Nie robilibysmi tego, gdyby nie fakt checi niesienia pomocy, dzielenia sie ciezka zdobyta wiedza i poznania ludzi, porobienia zdjec w innych klimatach. Uwazam,ze mamy mnostwo wiedzy do przekazania - 8 lat na emigracji i zaczynanie od minusu (moj maz jest po rozwodzie i mial sporo dlugow jak tu przyjechalam, nie posiadajac nic) przez 6 lat stworzylismy od podstaw luksusowe, butikowe studio uzywajac nowoczesnych, unikalnych form reklamy (glownie darmowych, zadnych ogloszen w gazetach, radio) z jednym z pierszych blogow w miescie (teraz komentarze przeniosly sie na Facebook, w przeciagu roku bylo ich 336 typu "wow" na okolo 40 albumow).W przeciagu zaledwie trzech lat wydalismy $40 000 na sprzet i okolo $20 000 na remont studia zeby ulepszyc jakosc uslug.
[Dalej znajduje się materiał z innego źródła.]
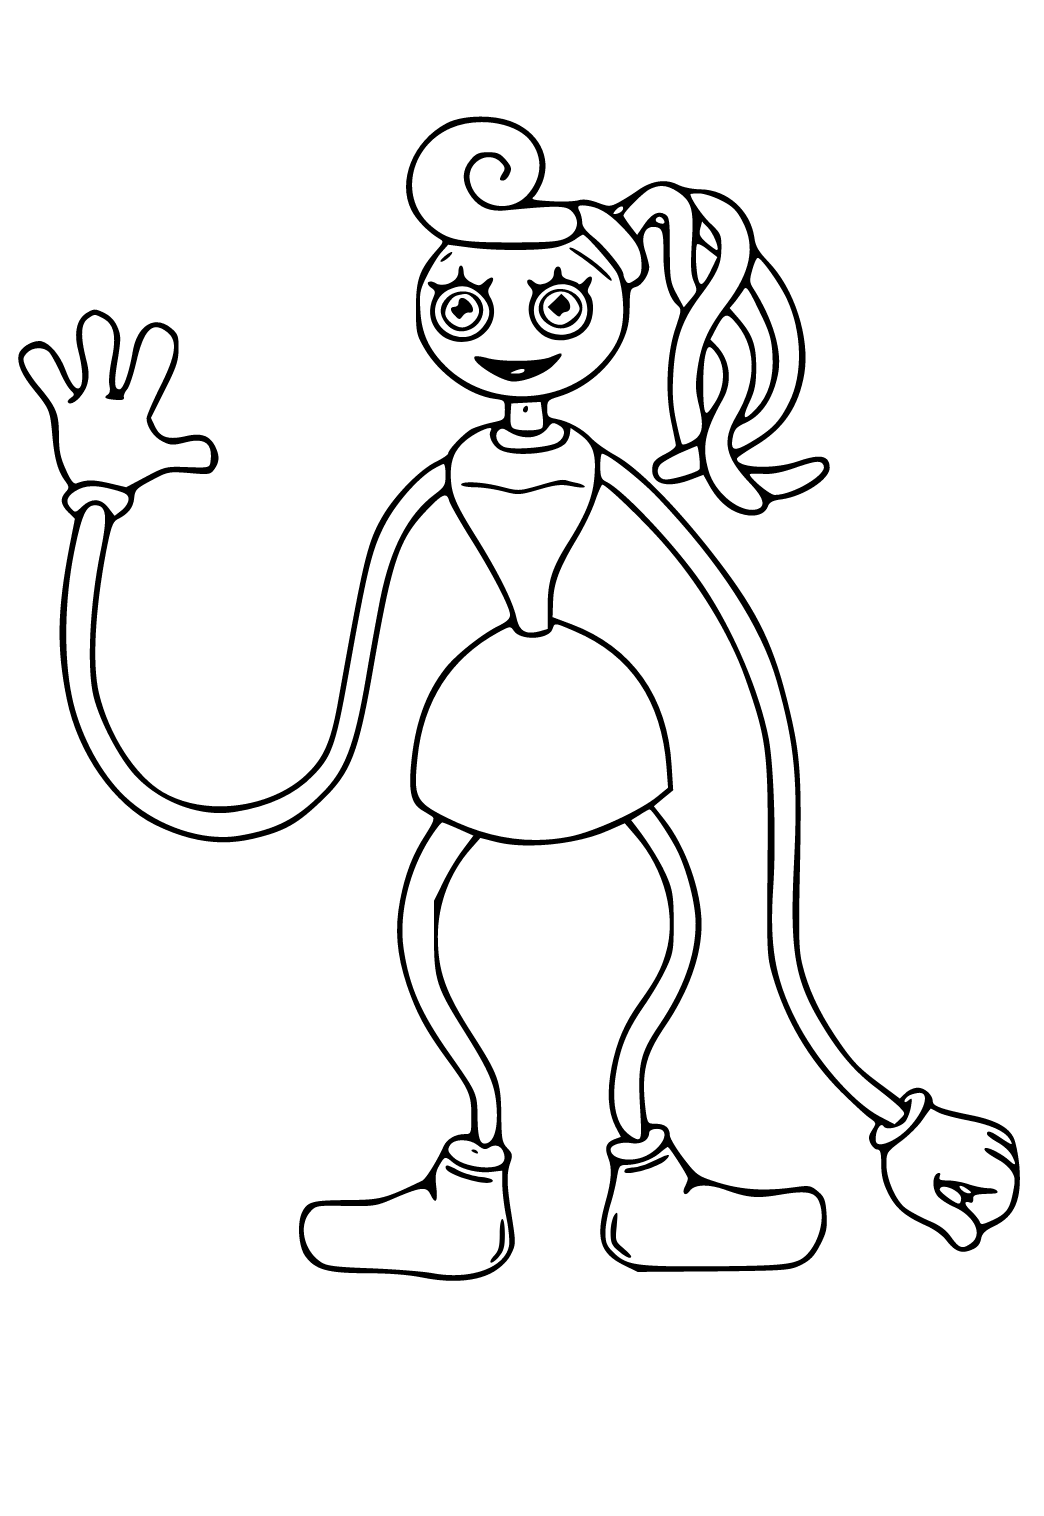 Baixar Mommy Long Legs Coloring Page para PC - LDPlayer
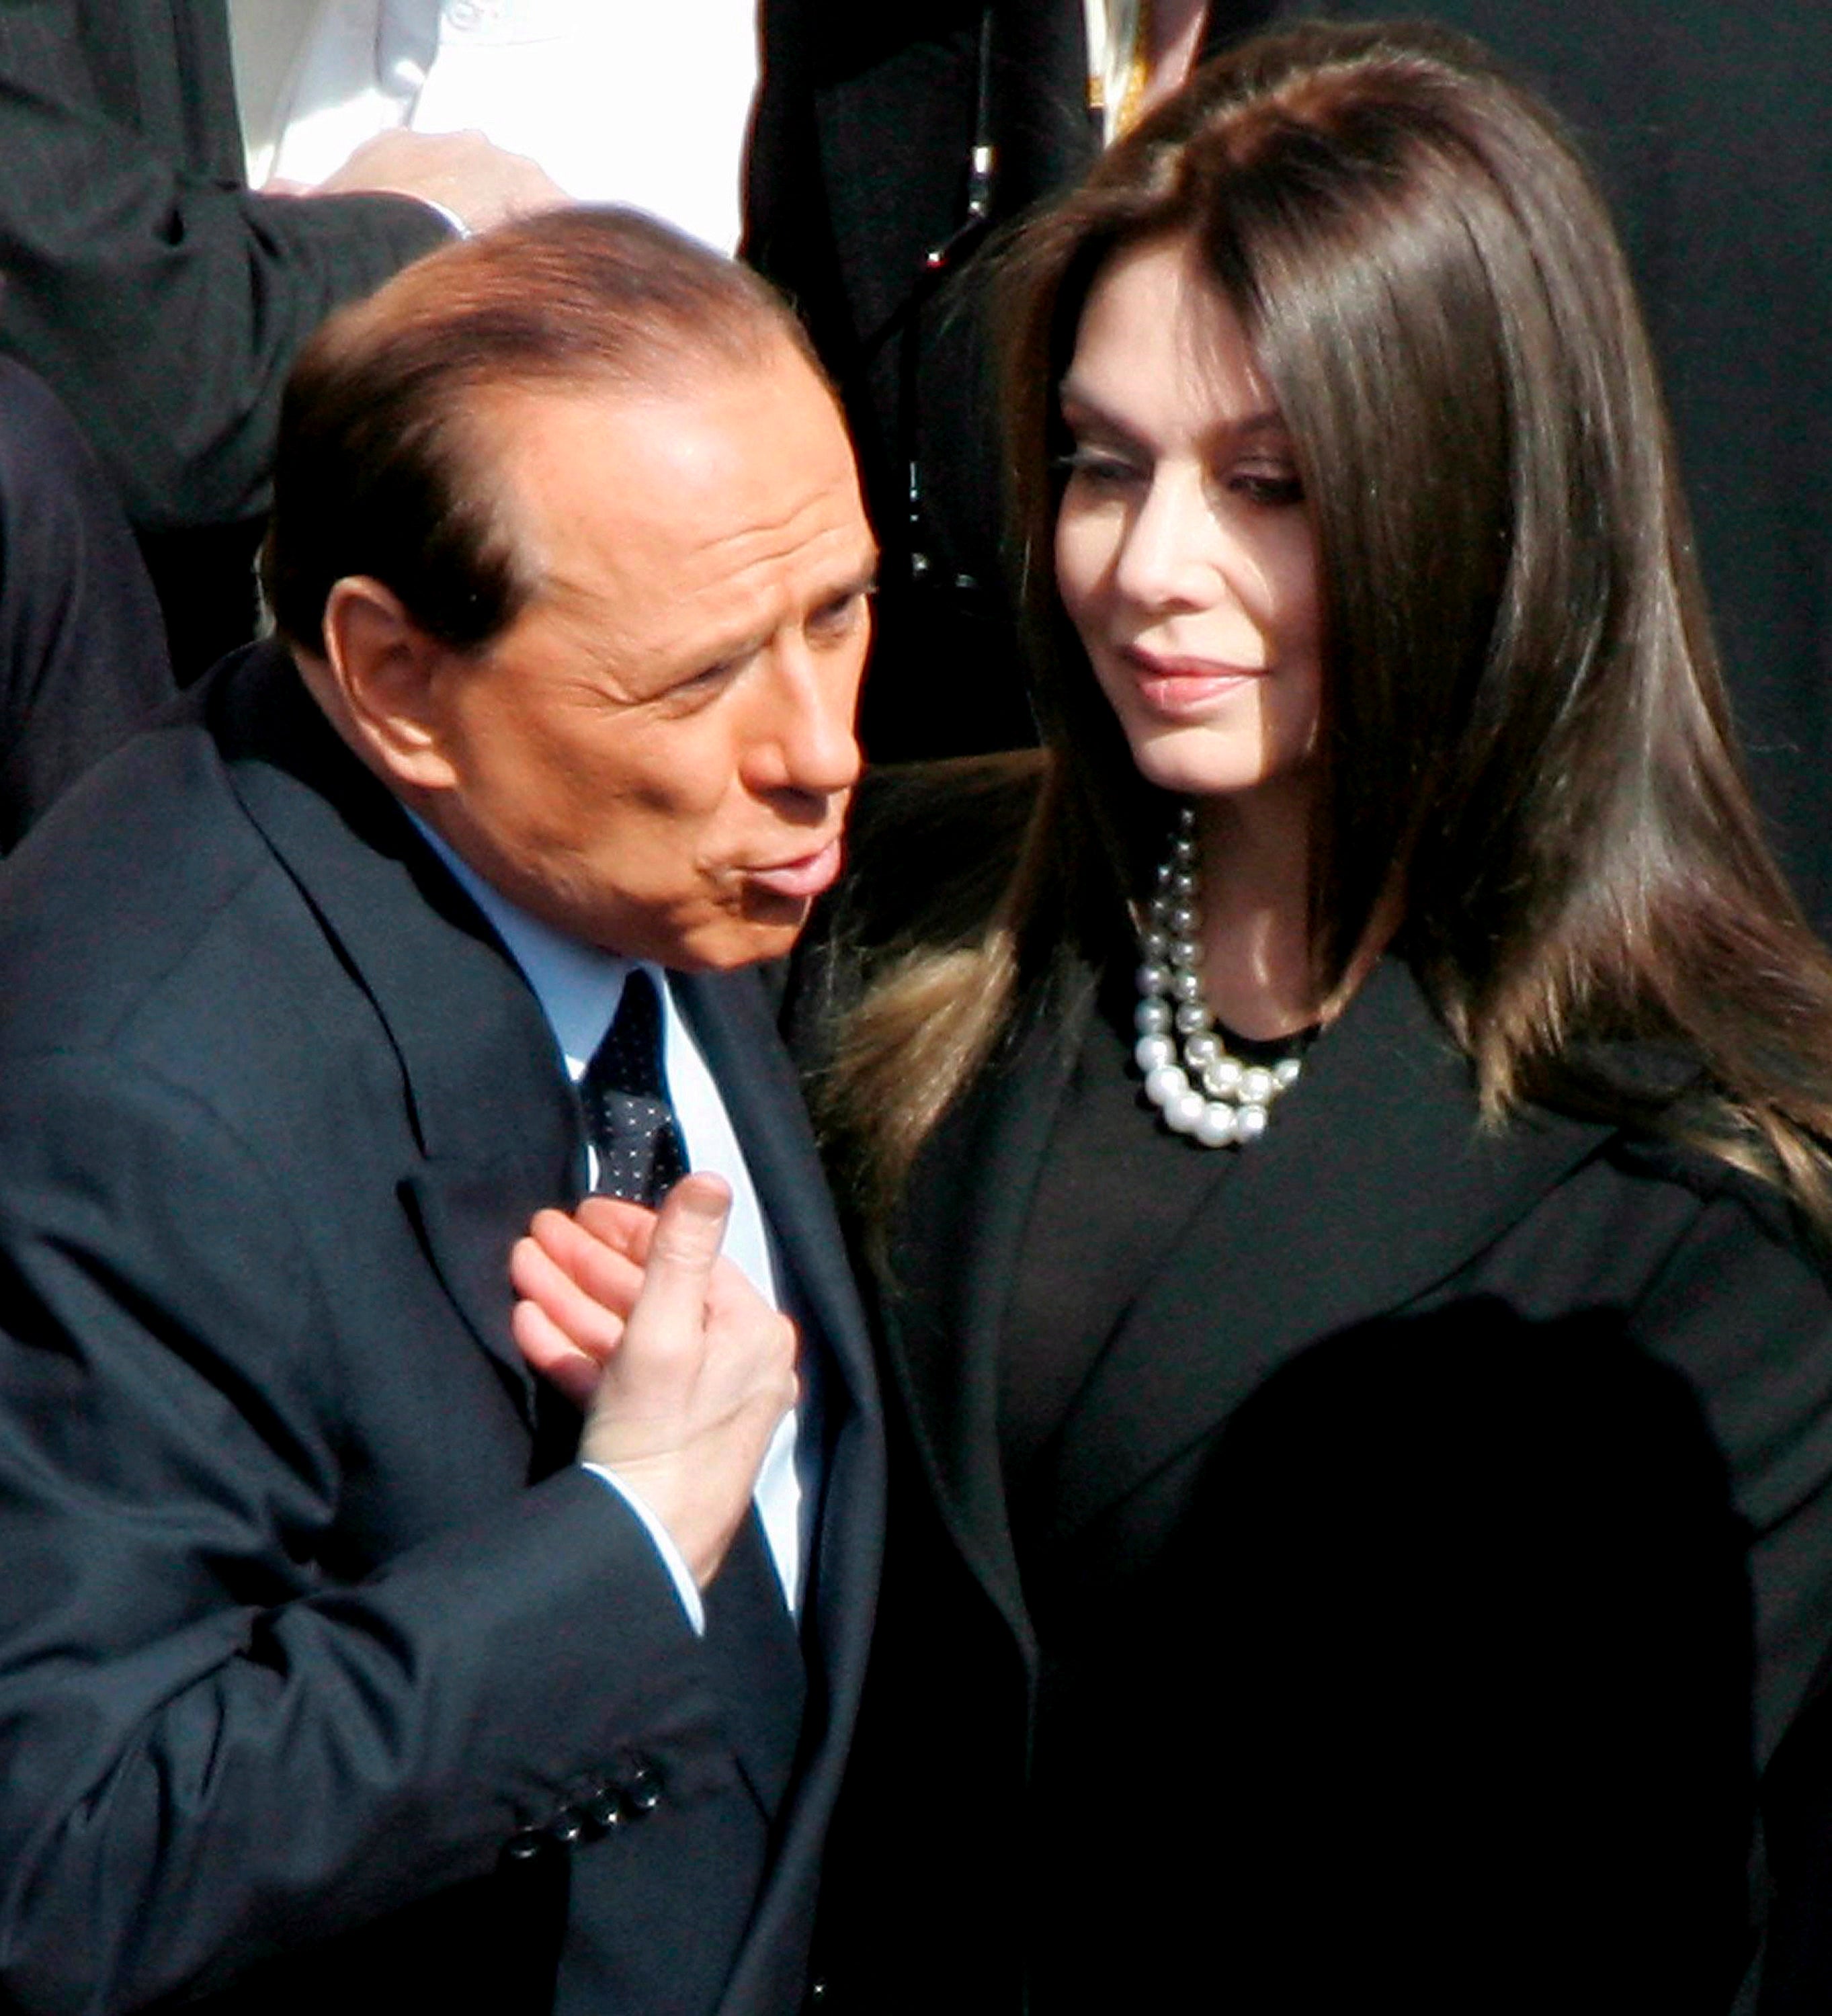 Berlusconi and his wife at the time, Veronica Lario, in 2005

Zaczynalismy robiac pierwszy slub na filmie, z jednym obiektywem.
Jednym z impulsow do zrobienia nowoczesnego warsztatu, bylo to ze wychowalam sie w rodzinie fotografa. Moj ojciec byl fotografem slubnym,reporterem, wykladowca. Byl - bo niestety nie zalapal zmian. Jest z innego pokolenia - tez bardzo krytykuje nasze portfolio:) Jest dokladnie z generacji malkontentow.
Na szczescie wierze,ze w Polsce jest tez mnostwo ludzi otwartych, ktorza chca stworzyc nowoczesne biznesy i zainstniec na rynku Europejskim.
Nie planujemy tez przenosic sie do Polski, mamy w Kanadzie dobrze ustawione zycie,swietnych przyjaciol, sciagnelismy tu tez naszych najlepszych przyjaciol z Polski, co roku odwiedzaja nas rodzice.